# [Task details]
Your output must be the lines below from the line containing "Thermometer by Gudella" to the line containing "Funny Peach Puns And Jokes", both lines included, reproduced exactly and without pictures.

# [Material provided]
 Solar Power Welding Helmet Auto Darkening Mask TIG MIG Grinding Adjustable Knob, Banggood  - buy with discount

==

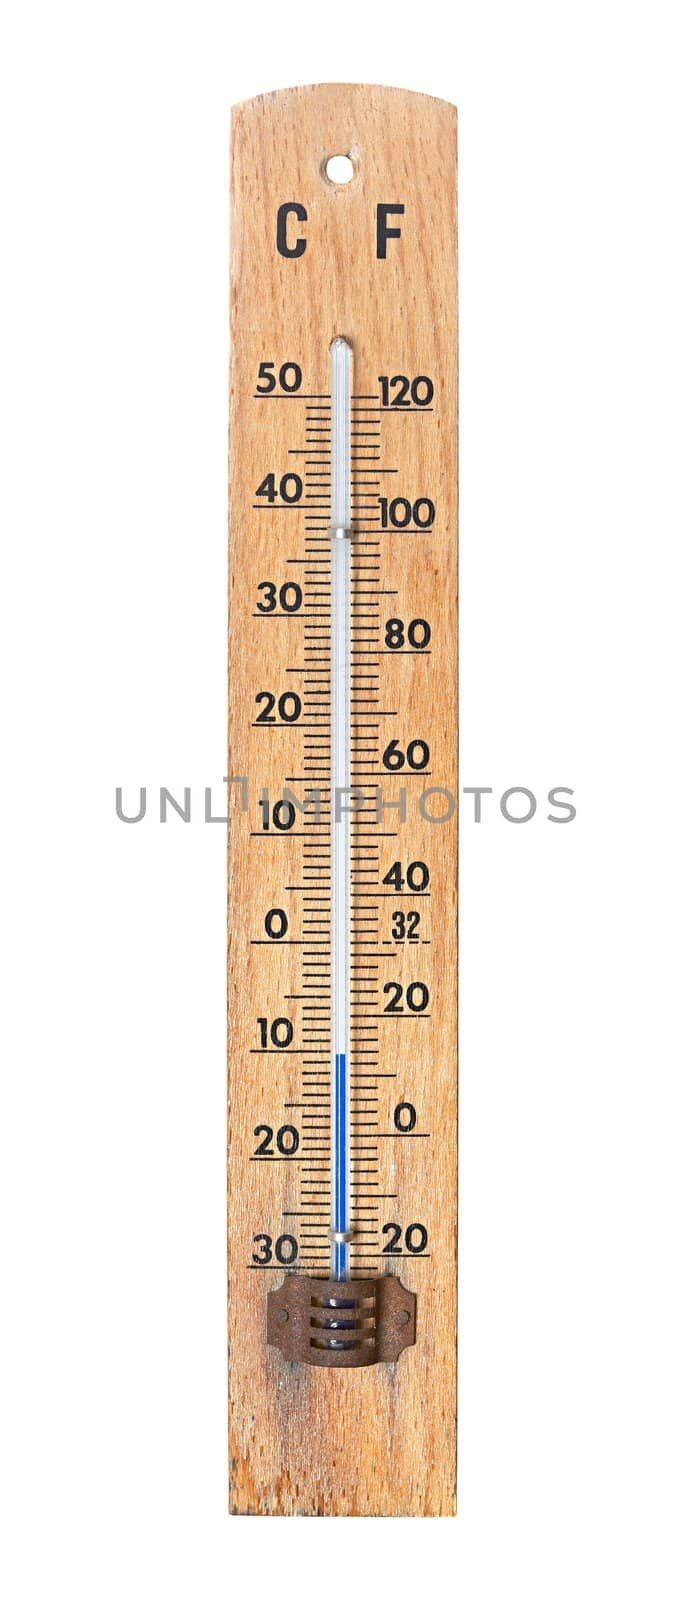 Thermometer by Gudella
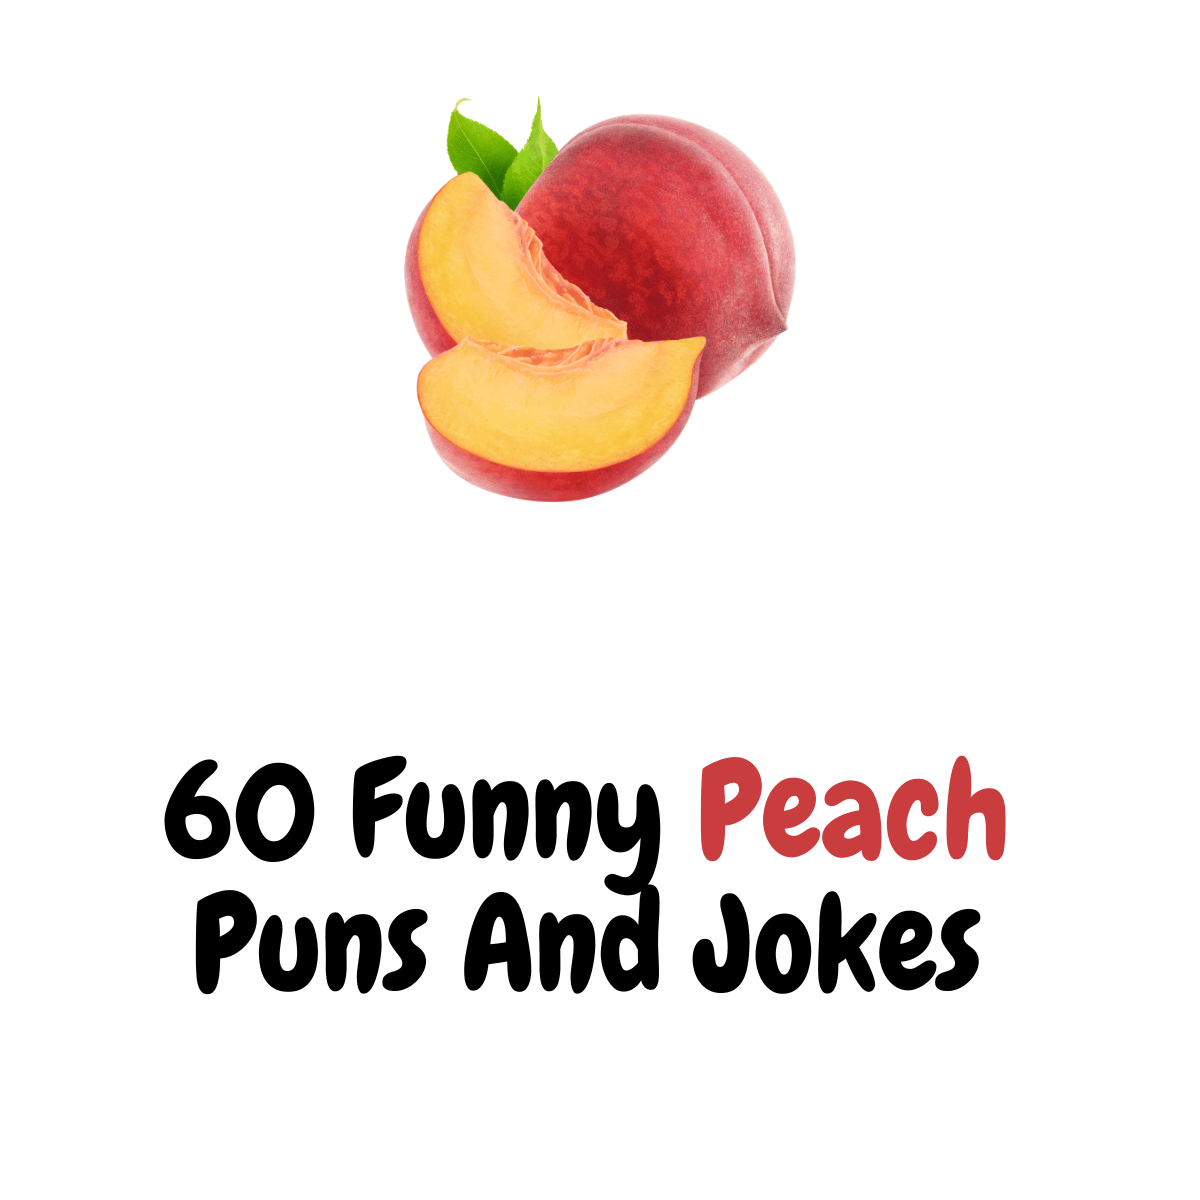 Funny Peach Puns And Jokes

==

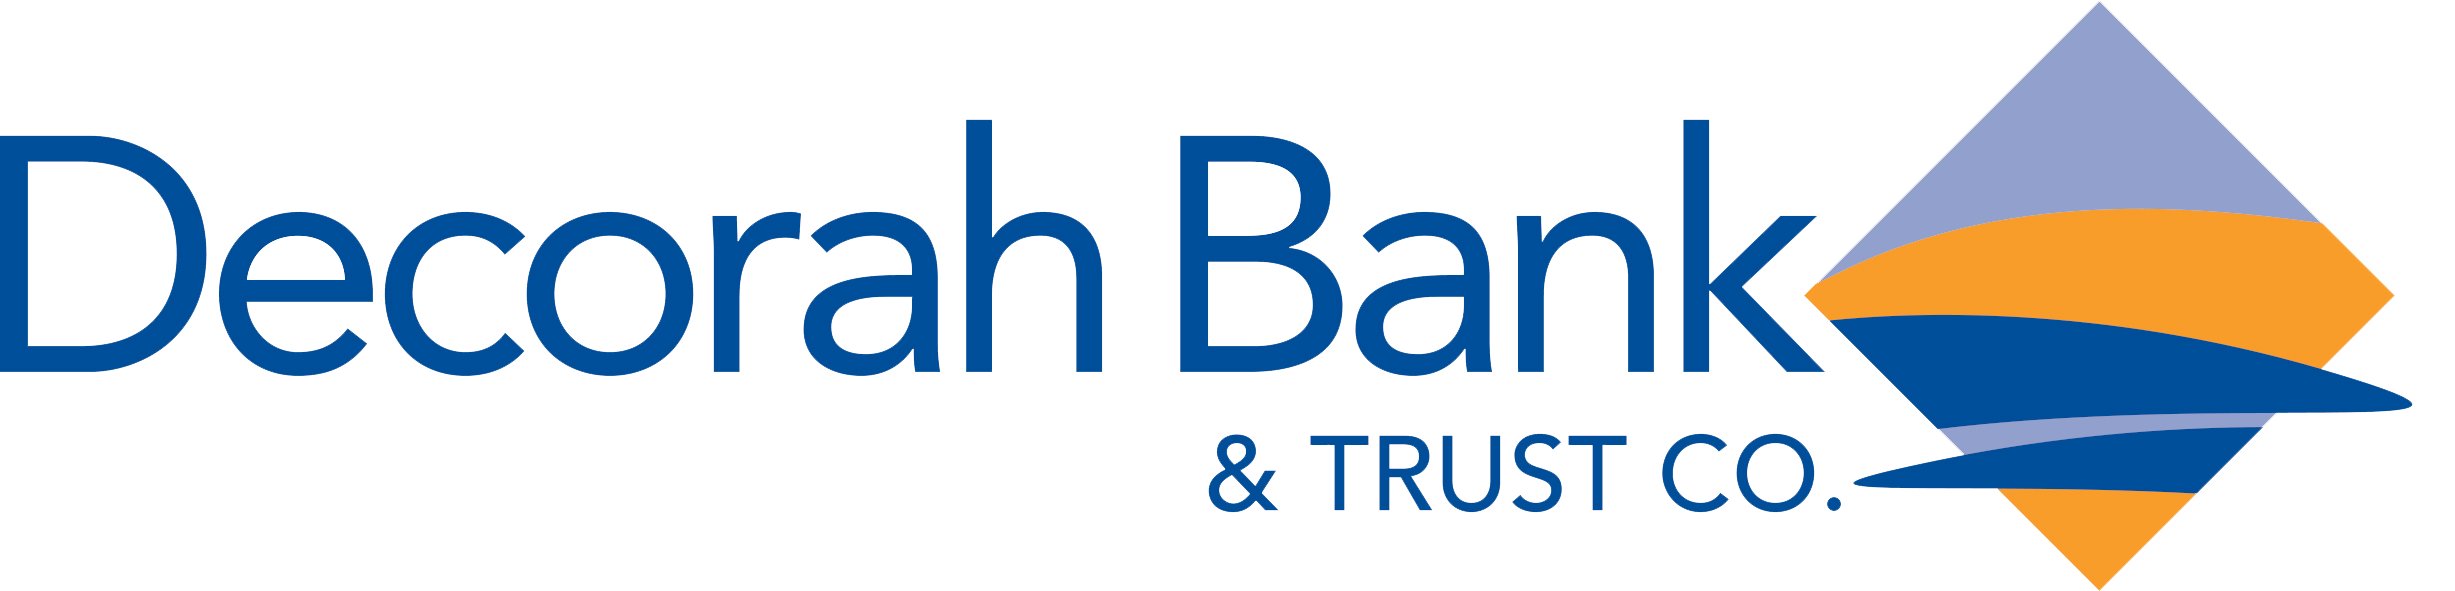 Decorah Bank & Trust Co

# [Answer box]
 Thermometer by Gudella
 Funny Peach Puns And Jokes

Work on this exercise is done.